Table 1: ID of most common browsers and mobile devices.
Browser ID |
Browser Name |
ie |
Any version of Internet Explorer |
netscape3 |
Netscape Navigator 3.x |
netscape4 |
Netscape Communicator 4.x |
netscape6to9 |
Any version of Netscape higher than 6.0 |
mozilla |
Firefox and other Mozilla-powered browsers |
opera |
Opera |
up |
Openwave-powered devices |
nokia |
Nokia-powered devices |
pie |
Pocket Internet Explorer |
It is important to note that if you use device-specific masters, you must also indicate a device-independent master to stay on the safe side and avoid anomalies in case a user uses a non-supported browser.
#4?Post-Cache Substitution
When you enable output caching on a given page, the page’s response will be cached for a specified time so that successive requests can be served without executing the code behind the page. This simple trick transforms the original ASP.NET page in something close to a static HTML page as far as performance is concerned.

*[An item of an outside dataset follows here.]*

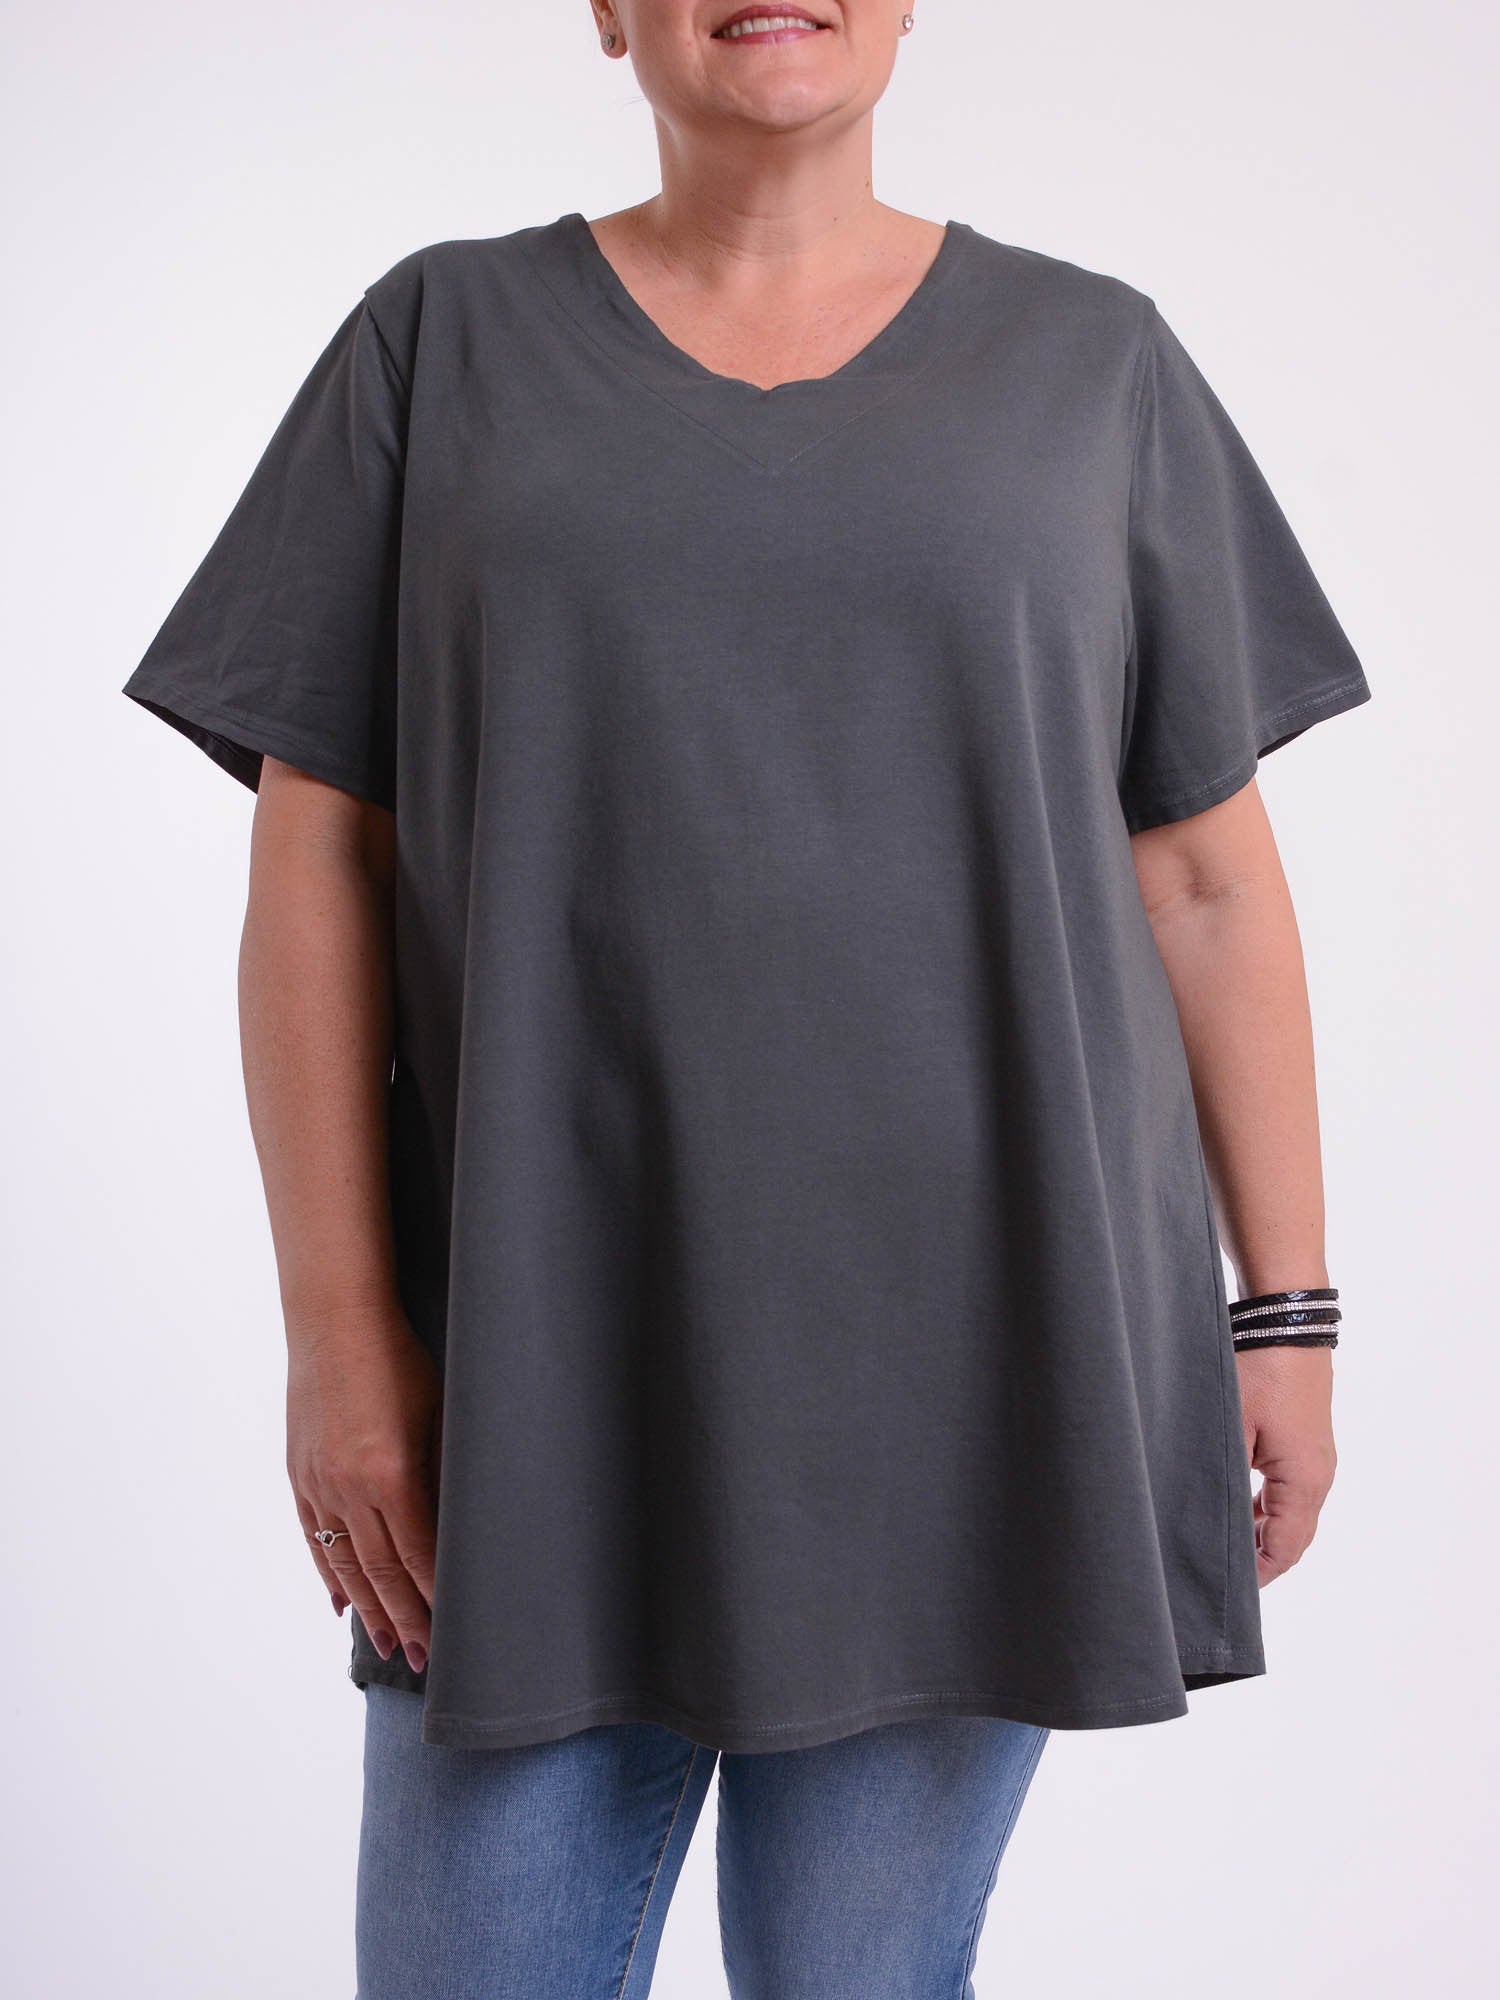 Basic Cotton Swing T Shirt - V Neck 10520, Tops & Shirts, Pure Plus Clothing, Lagenlook Clothing, Plus Size Fashion, Over 50 Fashion

Output caching is flexible enough to let you store distinct versions of the page per each combination of HTTP headers or query string parameters. The output of the page can be cached on the Web server, the client, or any proxy server downstream such as Microsoft ISA Server. The caching location is just one of the parameters you can set when you configure output caching for a page.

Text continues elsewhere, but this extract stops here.